A single dataset is almost always split into disjoint subsets so that performance can be measured honestly.

Split	Purpose	Typical fraction
Training set	Examples used to fit model parameters	60 to 90 percent
Validation (dev) set	Examples used for hyperparameter tuning and early stopping	5 to 20 percent
Test set	Examples used only at the end to estimate generalization	5 to 20 percent

A cardinal rule of supervised ML is that test examples must never be used to train or tune the model. When they are, the test error is no longer an honest estimate of how the model will perform on new data. Information leakage between splits is one of the most common reasons published results fail to reproduce.

Hard and easy examples

Not every example is equally informative. Some are easy: the model gets them right almost from the first epoch. Others are hard: the model misclassifies them again and again, or the loss on them stays high.

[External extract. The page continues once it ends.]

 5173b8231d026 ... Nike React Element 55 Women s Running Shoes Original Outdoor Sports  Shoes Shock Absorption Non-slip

The recognition that this matters led to several lines of work.

Curriculum learning, introduced by Yoshua Bengio and colleagues in 2009, presents examples in order of increasing difficulty rather than at random. The intuition borrowed from human and animal learning: build up from simple cases to complex ones. Bengio et al. reported faster convergence and better final solutions on shape recognition and language modeling tasks.

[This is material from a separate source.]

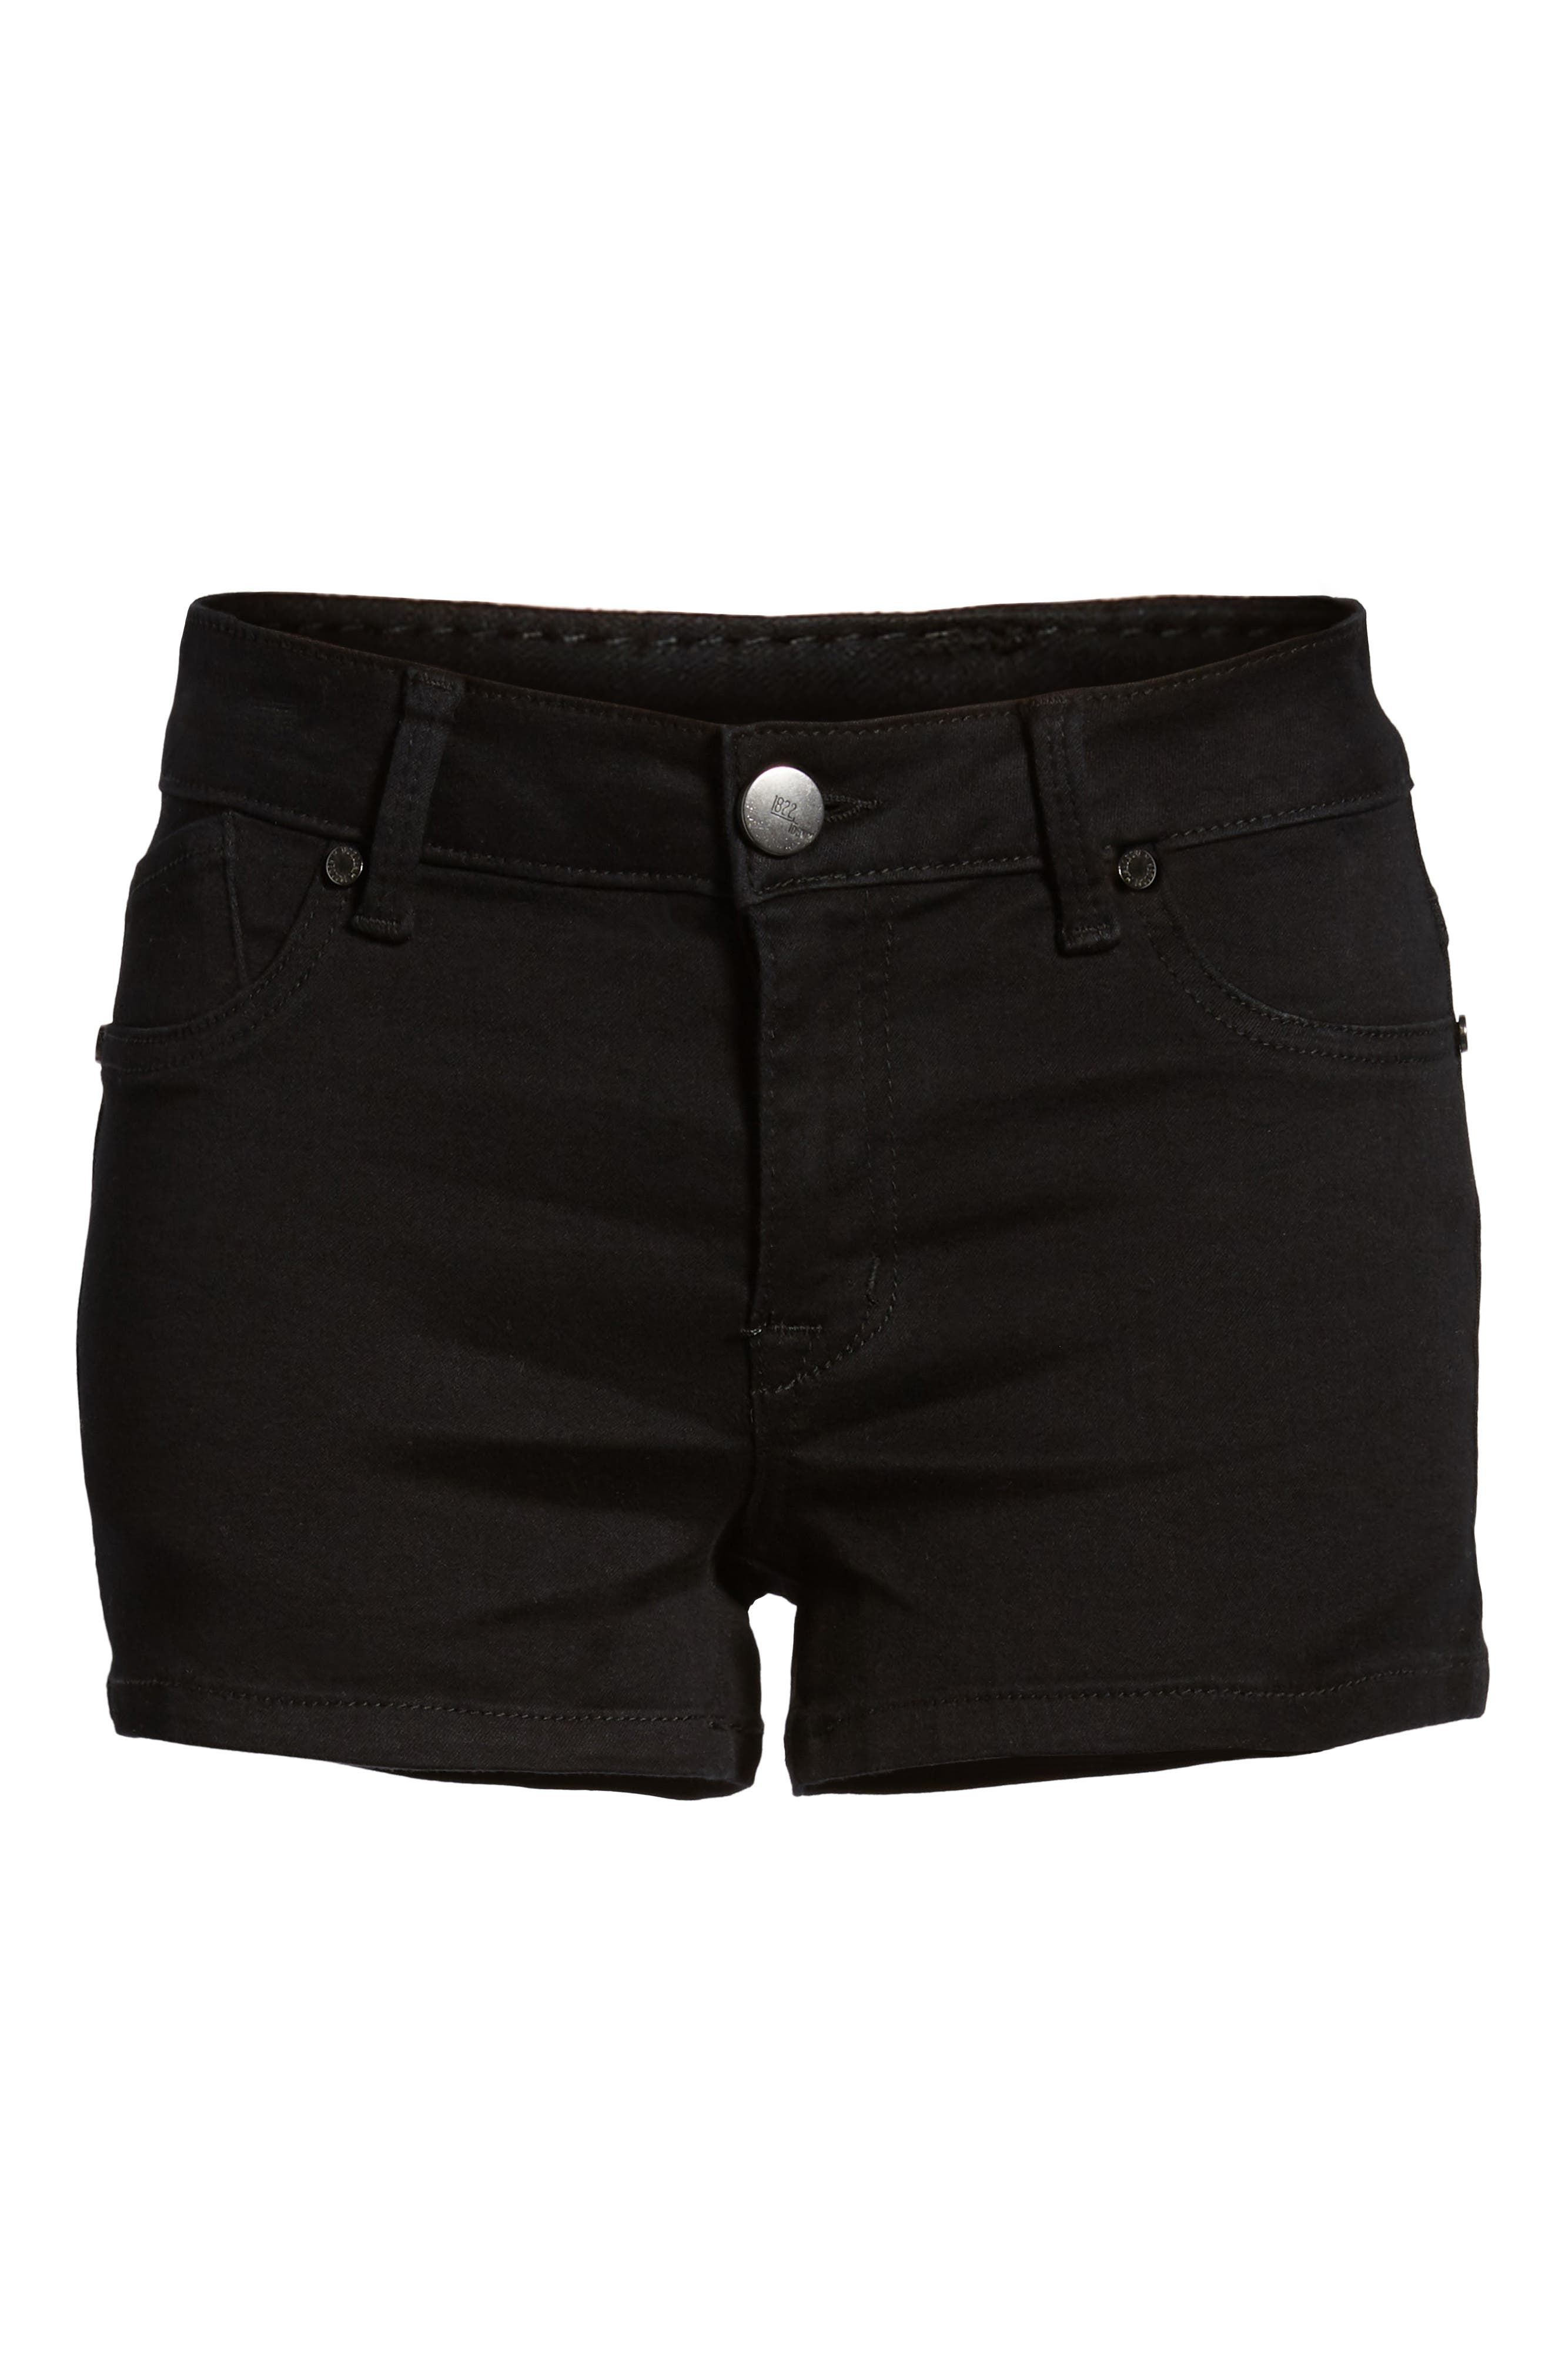 Butter Denim Shorts,                             Alternate thumbnail 7, color,                             001

Hard-example mining goes the other way. Object detectors and face recognizers often train on a stream of mostly easy negatives. Online hard example mining (OHEM), proposed by Abhinav Shrivastava and colleagues, deliberately oversamples the examples on which the current model performs worst. This focuses gradient signal where it matters and tends to improve detection accuracy.

Noisy or mislabeled examples are a third category. They are hard for the wrong reason. A line of confident learning research, including work by Curtis Northcutt and colleagues at MIT, audits popular benchmarks and finds that test sets like ImageNet, MNIST, and CIFAR contain real labeling errors that depress reported accuracies of strong models.

Adversarial examples

Adversarial examples are inputs that have been intentionally perturbed to make a model misclassify them, often by a margin invisible to humans. The phenomenon was reported by Christian Szegedy and colleagues in the 2014 ICLR paper Intriguing properties of neural networks. They showed that almost any image could be perturbed by a tiny amount and cause a confident image classifier to assign the wrong label. The perturbations also transferred between models trained on different subsets of the data.

Ian Goodfellow, Jonathon Shlens, and Christian Szegedy followed up in 2014 with Explaining and Harnessing Adversarial Examples, which introduced the fast gradient sign method (FGSM) and argued that the underlying cause was the near-linear behavior of deep networks in high-dimensional input space rather than overfitting. FGSM constructs an adversarial example as $x' = x + \varepsilon \cdot \text{sign}(\nabla_x J(\theta, x, y))$, where $\varepsilon$ controls the size of the perturbation and $J$ is the loss. Including these perturbed examples in training, called adversarial training, became one of the standard defenses.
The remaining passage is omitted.